This article was first published on LinkedIn on May 23, 2025. Link to original article.

Electric Aircraft are Hard. Will that Change?

We now see electric cars everywhere, but most people have never seen an electric aircraft. Why is electric flight so hard? There are 4 main reasons:

1. Planes aren't just flying cars.
2. Batteries are very heavy.
3. Aircraft certification is complicated and slow.
4. Developing aircraft is expensive!

Let’s expand on each.

Why Planes Aren't Just Flying Cars

It's a statement of the obvious, but also not as obvious as it seems.

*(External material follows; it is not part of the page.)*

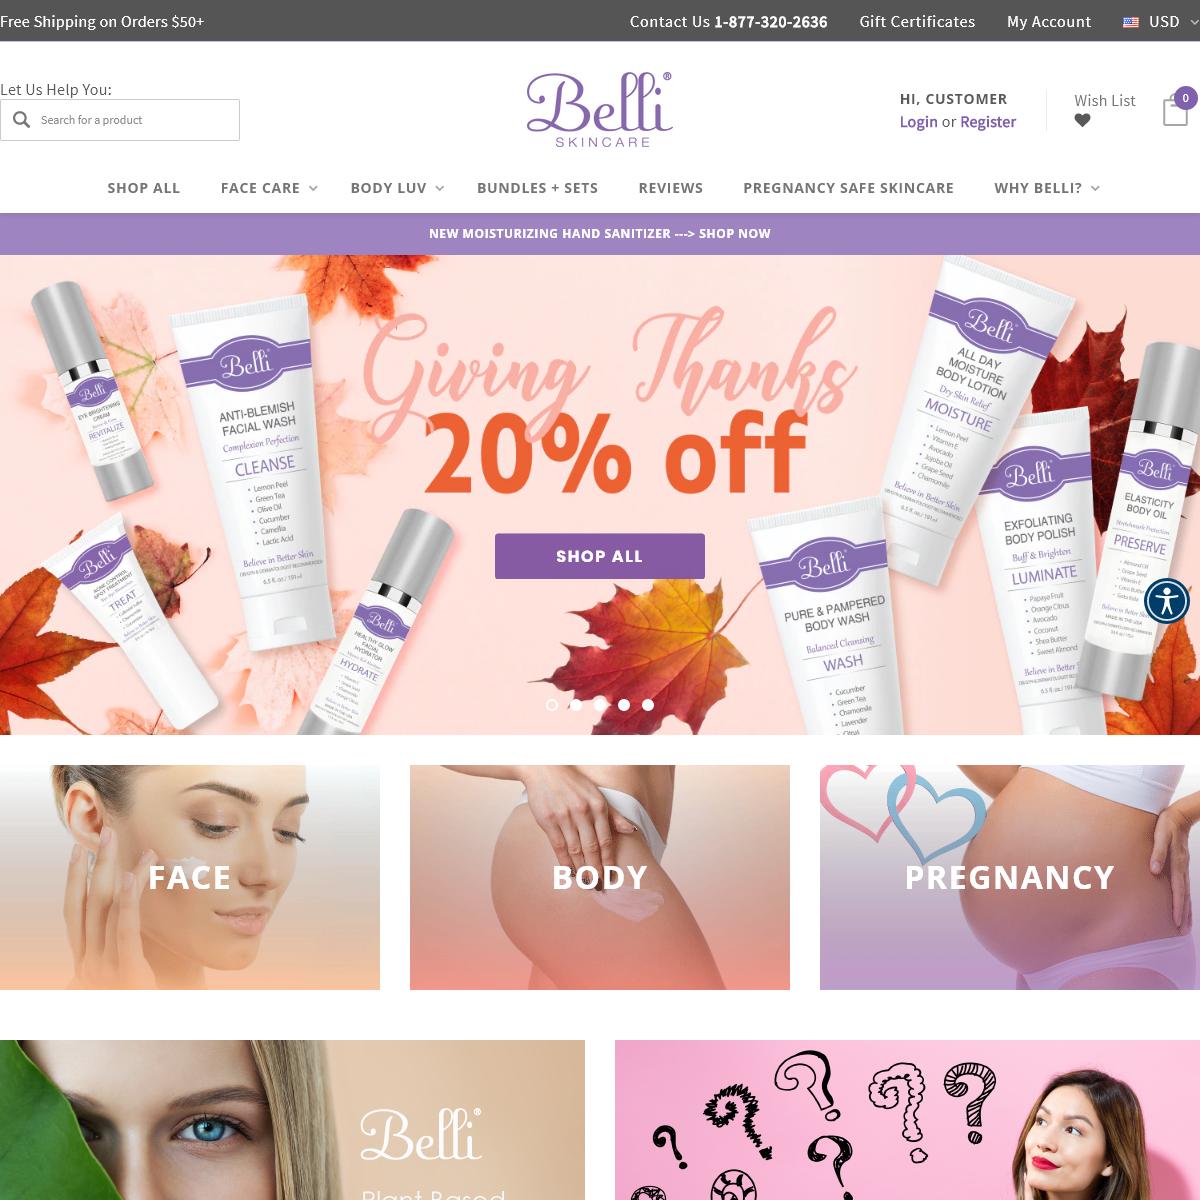 Belli Pregnancy Safe Cruelty Free Skin care - Belli Skincare

A basic Tesla Model 3 has 283hp, weighs under 2 tons and has a theoretical range of around 500km with a full load of passengers and baggage. Those numbers are not so very different from the world’s best-selling personal aircraft, the Cirrus SR22T. But the car and the plane use power very differently:

Full Power

• Tesla: Almost never uses full power. After 3-4 seconds of max acceleration, it will exceed the speed limit and the passengers will feel carsick.
• Cirrus: Uses full power a lot - typically 5-15 minutes on every flight for takeoff and climb, depending on cruise altitude.

Cruise Power

• Tesla: Uses about 10% of maximum power when cruising at highway speeds.
• Cirrus: Uses 85% power at high-speed cruise (around 3x faster than the Tesla).

Performance with low fuel

• Tesla: Reduced performance is not a problem when the battery's charge level is low.
• Cirrus: Full power must remain available at all times until the aircraft is safely on the ground.

Safety Modes

• Tesla: 'Turtle Mode' lets the car limp to a stop if charge is critical or the battery fails. If there's a fire, the driver can stop and tell the passengers to jump out.
• Cirrus: Turtles don't fly, and passengers can't jump out!

The different ways that cars and planes use power leads to the biggest problem with electric aircraft: battery weight.

Batteries Are Heavy

We don't usually notice the weight of the lithium-ion batteries that power our phones and household appliances, but they are heavy. Scale them up to power an aircraft, and they become extremely heavy.

As a battery delivers power, its temperature rises. The more power you need, the larger the battery must be to avoid overheating.

• Power Density measures how much power (in Watts) a battery can deliver per kilogram of weight (W/kg). It generally sets the lower limit for the weight of an electric aircraft’s battery.

Likewise, the more energy a battery must store, the larger and heavier it gets.

• Energy Density tells us how much energy is stored per kilogram, measured in Watt Hours per kilogram (Wh/kg).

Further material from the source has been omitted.